**WORK TO COMPLETE**
Make an exact copy of the data below, leaving out every picture.

■ ■ ■ ■ ■ ■ ■

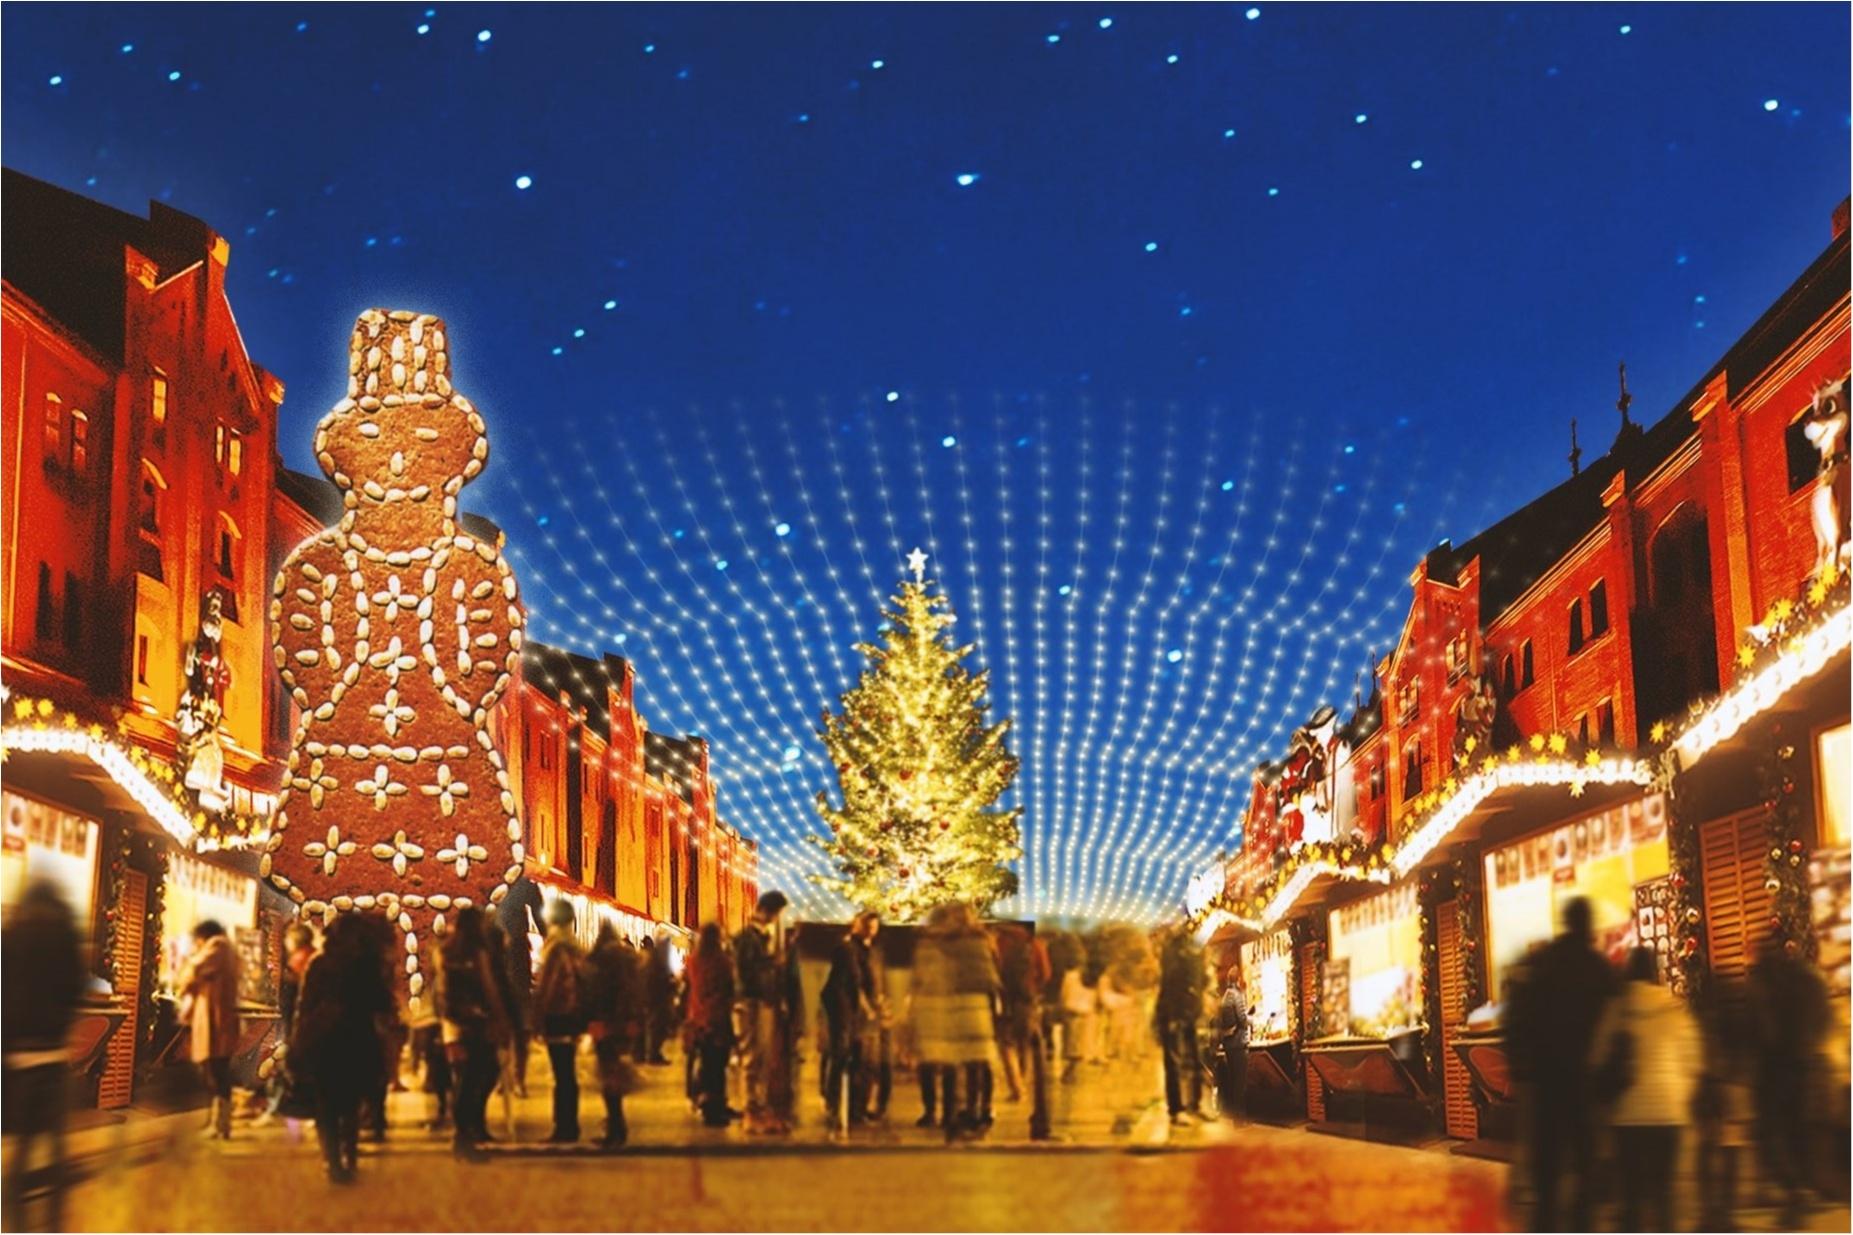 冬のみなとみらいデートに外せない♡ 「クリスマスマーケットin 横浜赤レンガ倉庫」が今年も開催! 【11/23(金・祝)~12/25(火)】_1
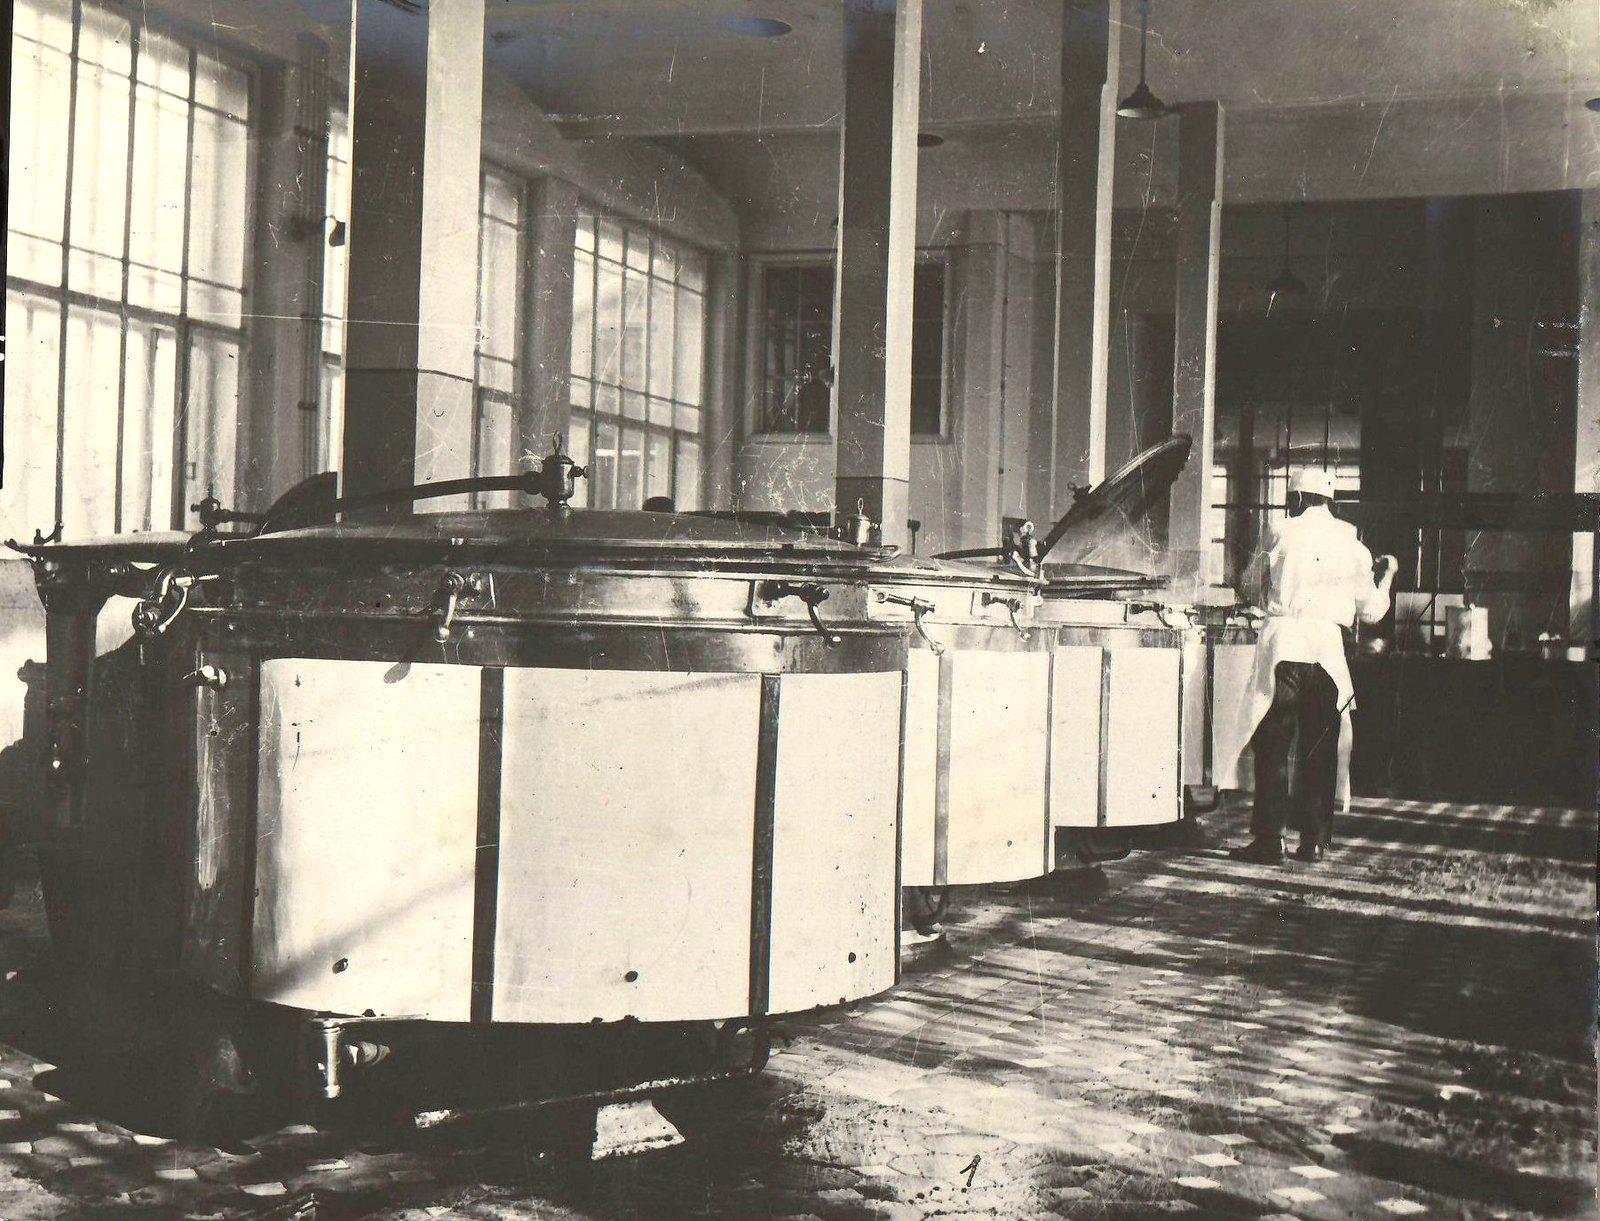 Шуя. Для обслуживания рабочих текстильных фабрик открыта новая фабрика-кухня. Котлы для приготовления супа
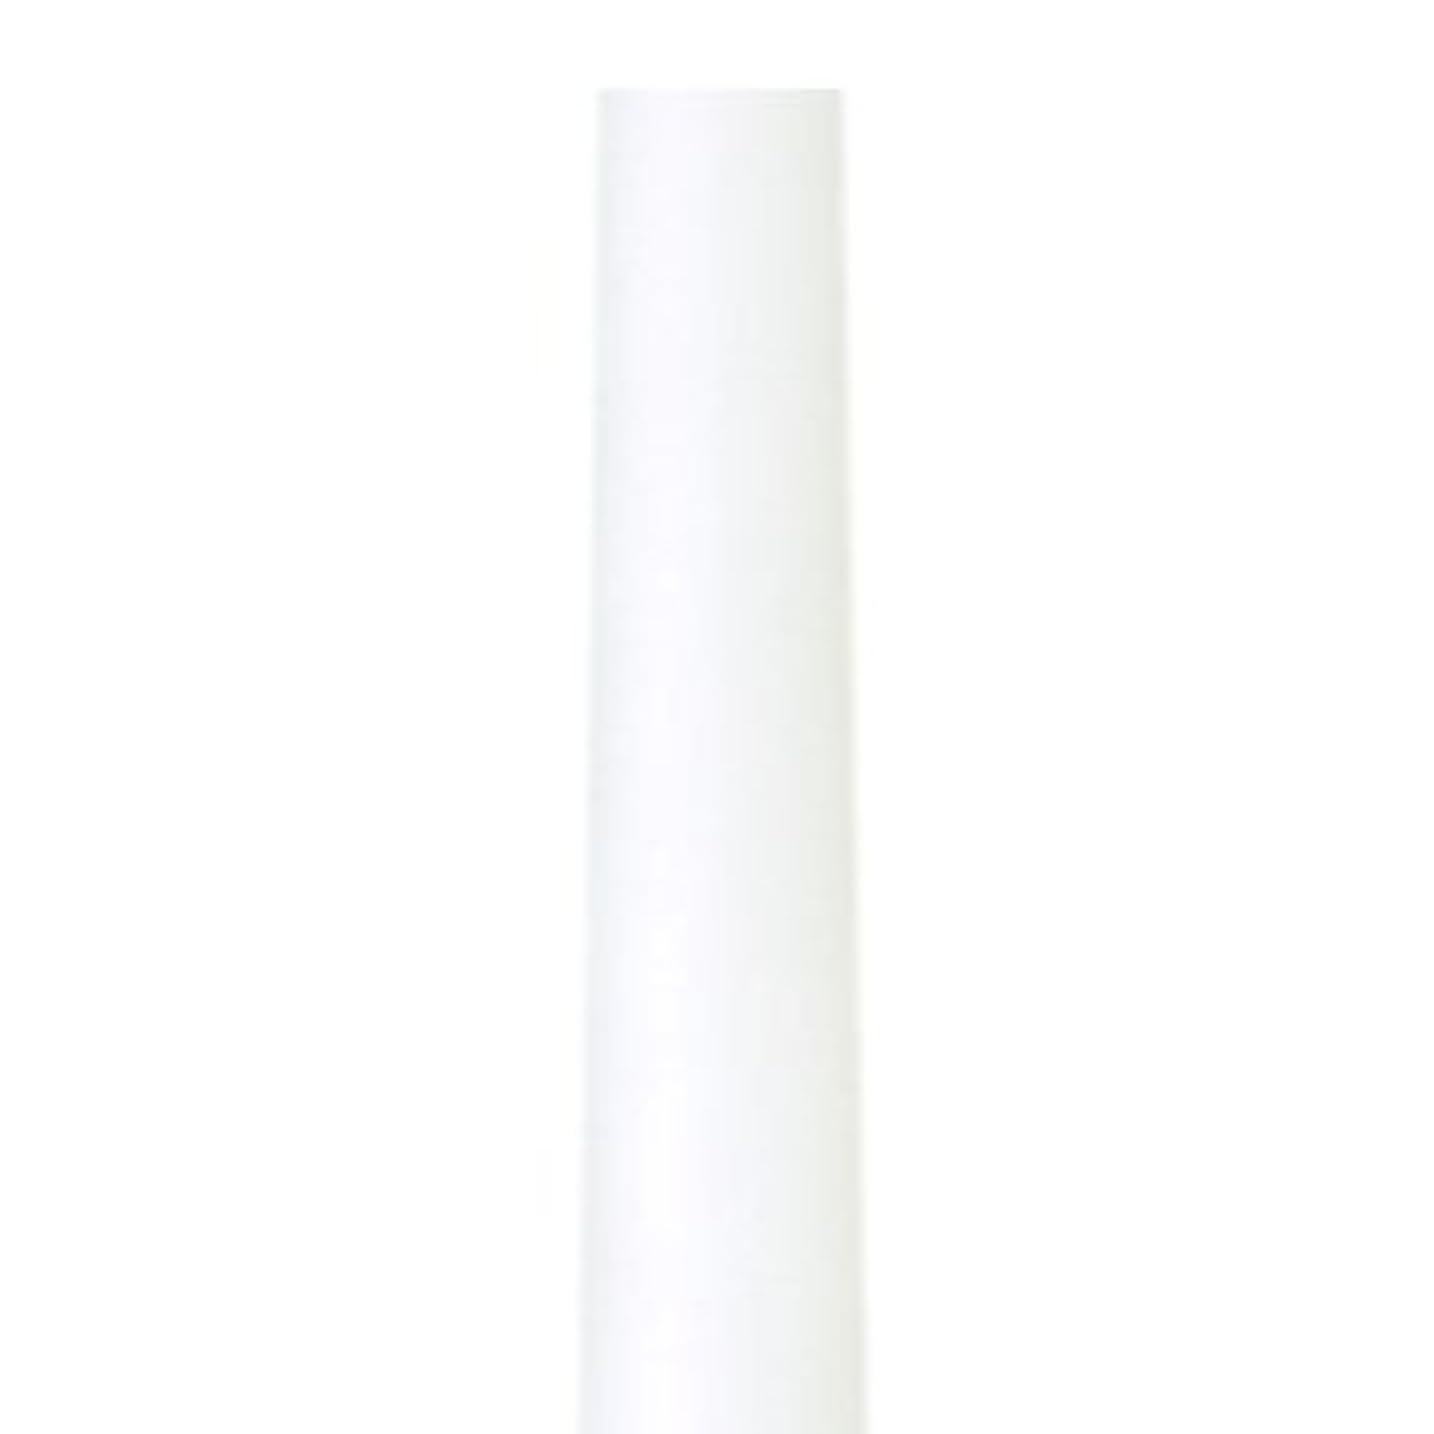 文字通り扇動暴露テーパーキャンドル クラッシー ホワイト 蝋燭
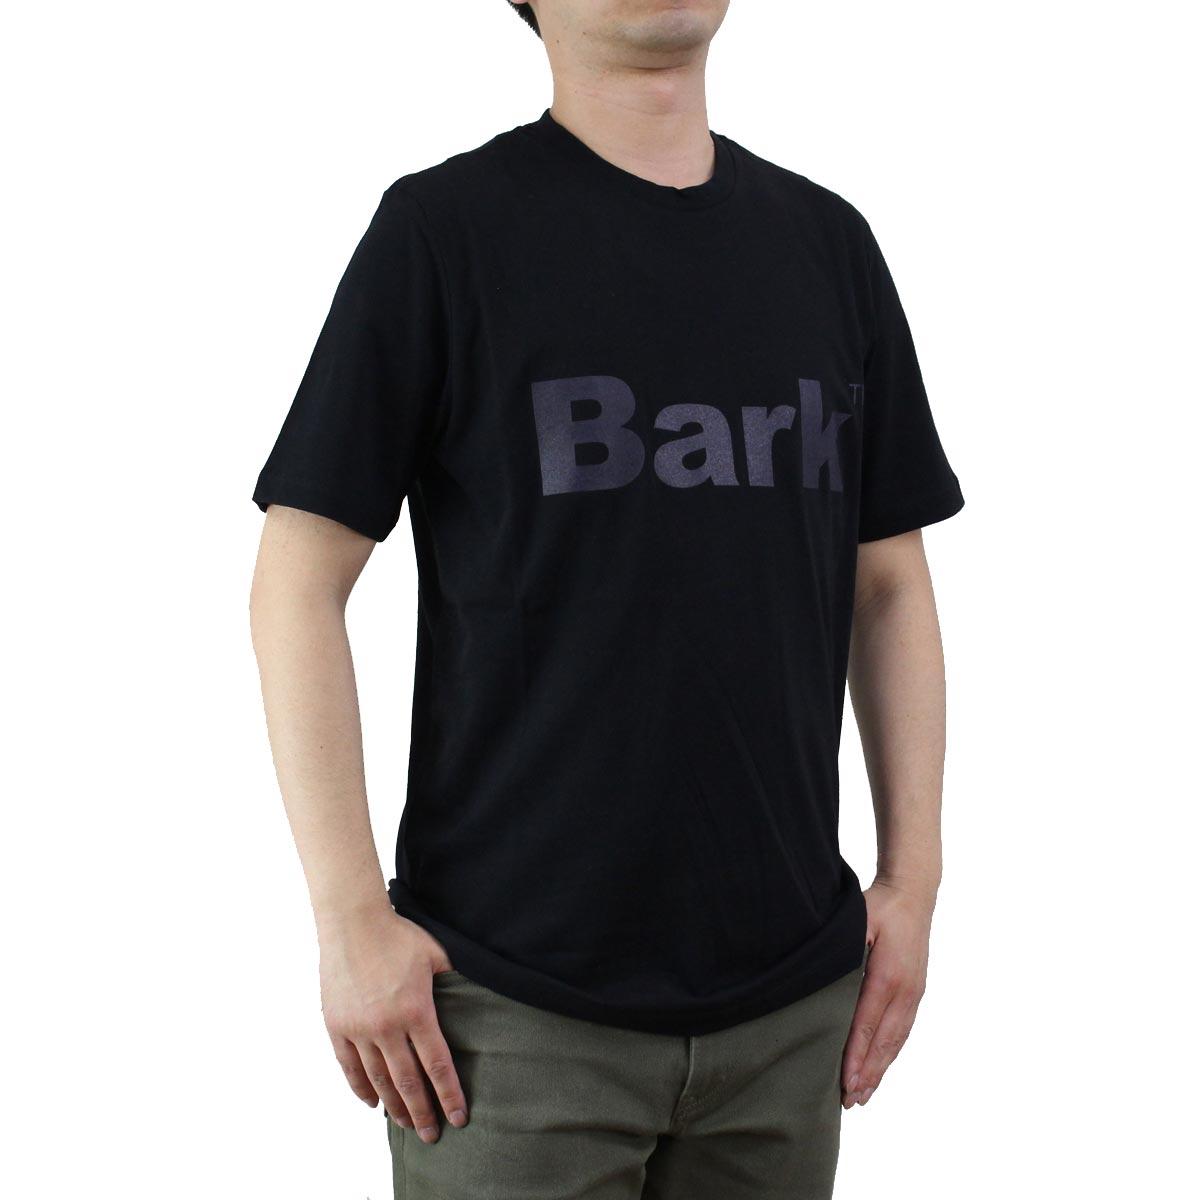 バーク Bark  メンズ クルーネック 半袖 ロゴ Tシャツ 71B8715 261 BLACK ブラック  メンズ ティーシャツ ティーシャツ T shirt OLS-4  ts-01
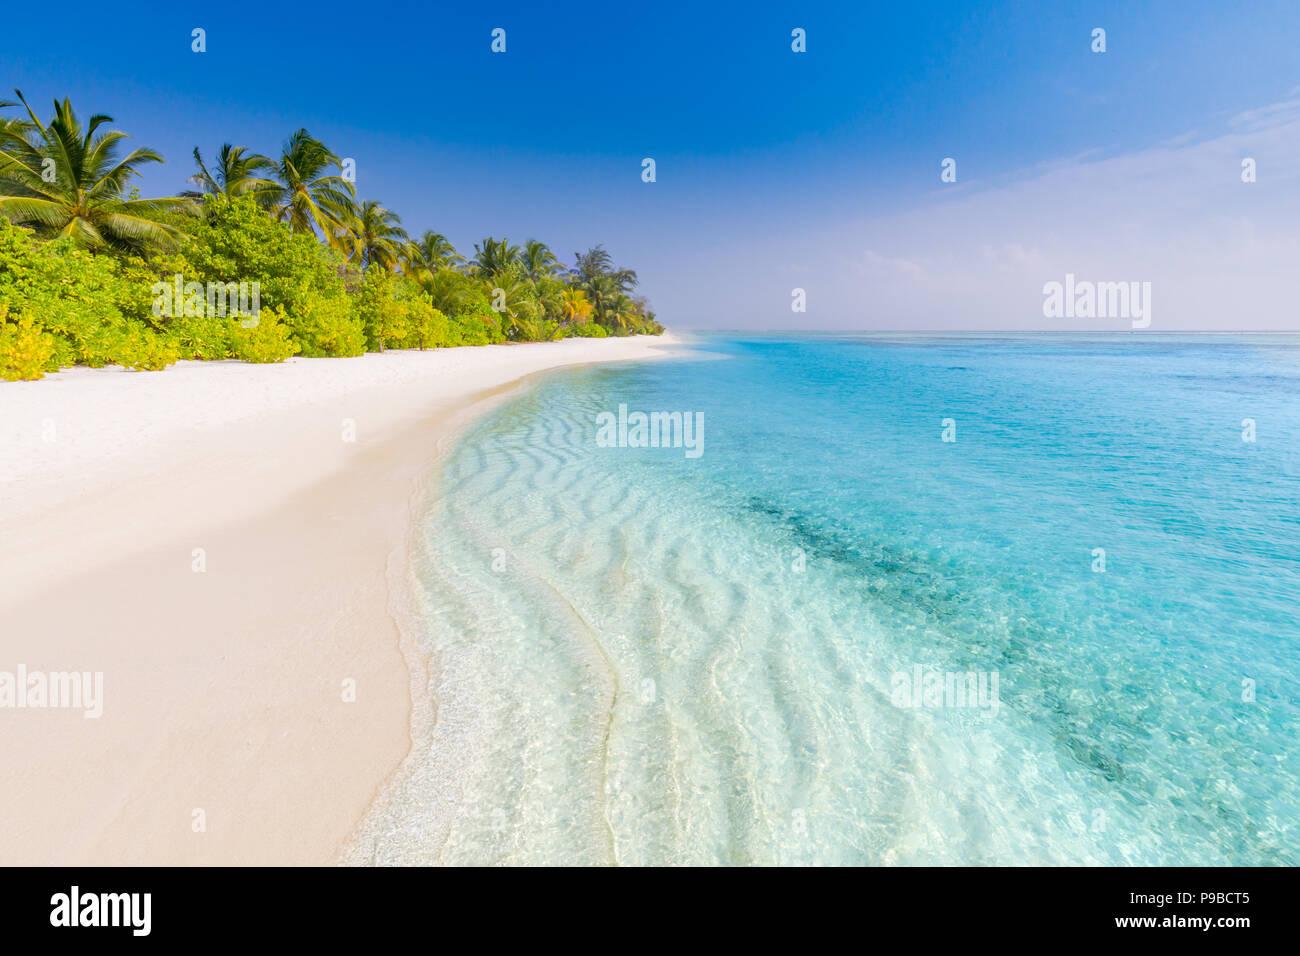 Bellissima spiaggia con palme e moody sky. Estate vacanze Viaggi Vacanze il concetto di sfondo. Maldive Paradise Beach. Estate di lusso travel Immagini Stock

■ ■ ■ ■ ■ ■ ■

**EXERCISE RESULT**
 冬のみなとみらいデートに外せない♡ 「クリスマスマーケットin 横浜赤レンガ倉庫」が今年も開催! 【11/23(金・祝)~12/25(火)】_1
 Шуя. Для обслуживания рабочих текстильных фабрик открыта новая фабрика-кухня. Котлы для приготовления супа
 文字通り扇動暴露テーパーキャンドル クラッシー ホワイト 蝋燭
 バーク Bark  メンズ クルーネック 半袖 ロゴ Tシャツ 71B8715 261 BLACK ブラック  メンズ ティーシャツ ティーシャツ T shirt OLS-4  ts-01
 Bellissima spiaggia con palme e moody sky. Estate vacanze Viaggi Vacanze il concetto di sfondo. Maldive Paradise Beach. Estate di lusso travel Immagini Stock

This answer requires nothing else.